Another thing I have to mention, is the ability to set a policy of what
to do in case of an unlawfull access. By default, an exception is raised,
but if you are content when printing a string of asterisks, you can set
the denied_policy='censure'
and your code will continue working,
but '*****'
will be shown.
Use of secrets
Convert the Secret objects to strings when you need to use the secret. As long as you are in an allowed function, you will be able to do it.
# secrets_use.py
import os
from .secret_depository import GEO_API_SECRET, DB_PASSWORD
from eyesonly.secret import Secret
def allowed_use1():
# Both secrets can be seen in this function
assert os.environ['GEO_SERVICE_API_KEY'] == str(GEO_API_SECRET)

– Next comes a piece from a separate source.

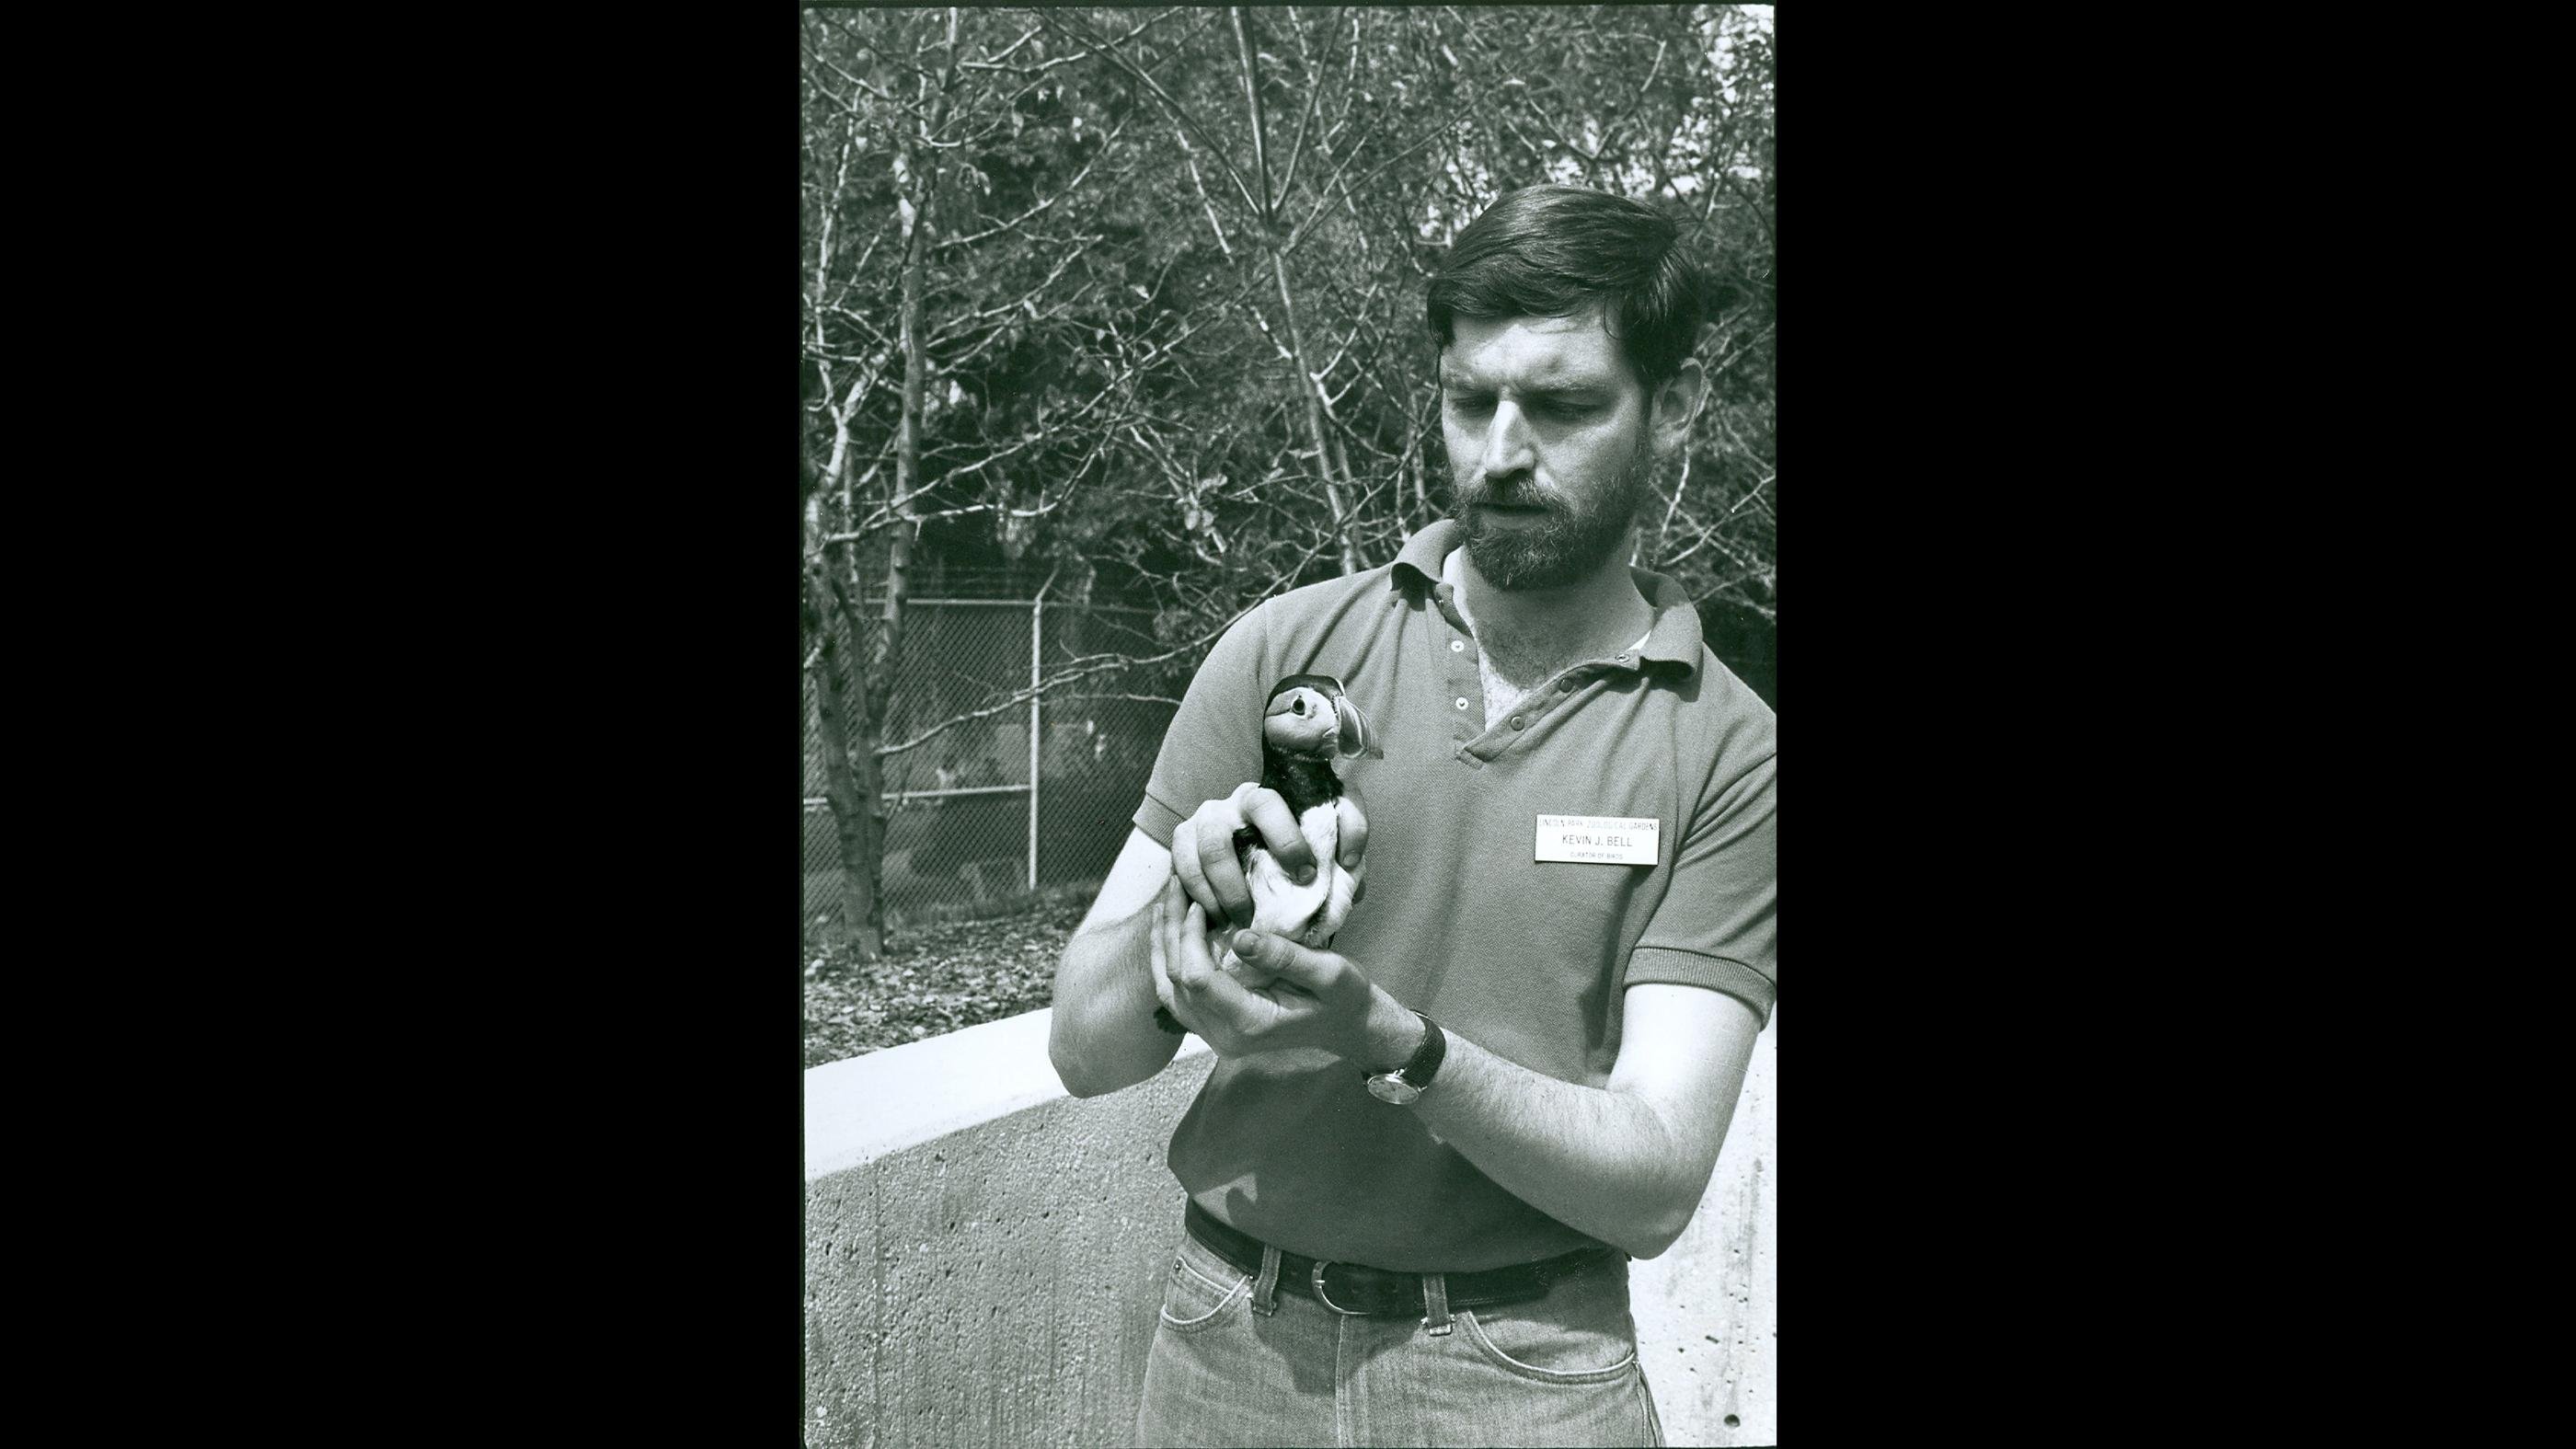 Current Lincoln Park Zoo President and CEO Kevin Bell shown here in 1981, when he was the zoo's curator of birds. (Courtesy Chicago Park District and Chicago History Museum)

assert os.environ['DB_PASSWORD'] == str(DB_PASSWORD)
def allowed_use2():
# geo_api_key can be seen in this function
return str(GEO_API_SECRET)
def another_use3():
# geo_api_key can be seen in this function
assert os.environ['GEO_SERVICE_API_KEY'] == allowed_use2()
def geo_api_key_not_allowed():
# geo_api_key can NOT be seen in this function and will raise an exception
return str(GEO_API_SECRET)
def postgresql_password_not_allowed():
# postgresql_password can NOT be seen in this function but will return
# a string with only asterisks because of the "denied_policy" parameter
# in the Secret initializer.
assert '*****' == str(DB_PASSWORD)
Future work
EyesOnly is not a fully completed project (as most software projects are).
- An encrypting/decrypting phase could be added.
- A way of removing inheritance of secret access permission.
- Your needed feature Reddit thread.
- etc.
Conclusion
I have shown a tool to help you deal with secrets: EyesOnly. It can help you reduce secret leaks in your code by controlling what functions can access which secret.